In the game itself, the excuse for why you can’t just pick up some dead N. Korean occupier’s rifle is because they’re biometrically locked. But the fact that N. Korea could turn them all off presumably means the biometric data isn’t stored in the weapon itself like “This is Joe’s rifle” but rather there has to be some main server that the rifles have to constantly communicate with to say “Yeah, this is Joe’s finger on the trigger”. Imagine having all your infantry weapons be dependent on a solid wireless internet connection. Even if it was stored locally in the weapon, what happens if you need to pick up your buddy’s gun?
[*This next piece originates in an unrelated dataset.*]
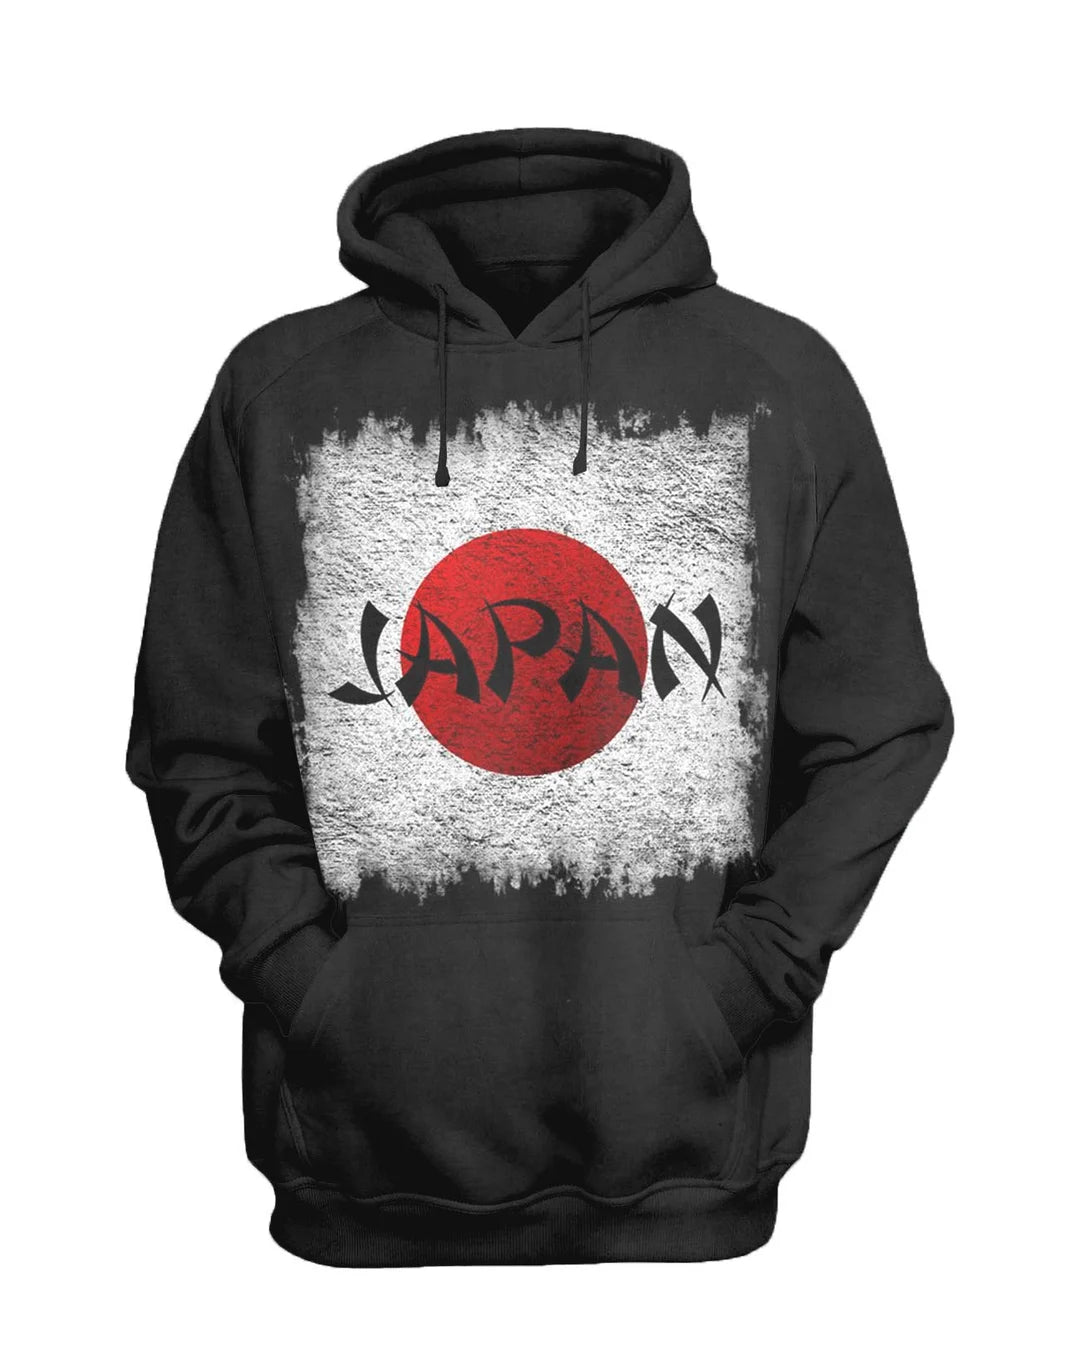 Japan Printed Sweatshirt Set - DUVAL

Plus, it doesn’t even really matter anyway because everyone in the resistance just, you know, builds their own guns. I mean, if the AK47 came out of a need for cheap mass-produced guns to become the world’s most common rifle, then what made the Koreans think this would work? Heck, you can even use the ammo out of their guns, just not the guns themselves.

It was an episode from the last season of DS9 when Cardassia and the Dominion were allied. I believe The Dominion were in control fo Cardassia at that time.

My New Newphew, upon encountering five rubber duckies for the first time at the advanced age of 2 years and 5 months, knew perfectly well what is it they were for. I’m now known to my family as “Aunt Nava Duckies”, because he took to exclaiming “duckies!” every time he heard my name.

Anyone who needs an explanation of what rubber duckies are for has serious cognitive issues.

Just not a good one. Or a coherent one. Or an intelligent one.

Sorry, but ST is one of my favorite Good Bad Movies.

Me, I just marveled at the bugs ability to shoot a rock across 40,000 light years or so with such precision and timing… literally astronomical precision and timing… that they were able to target a specific spot on a rotating globe that itself is circling a star.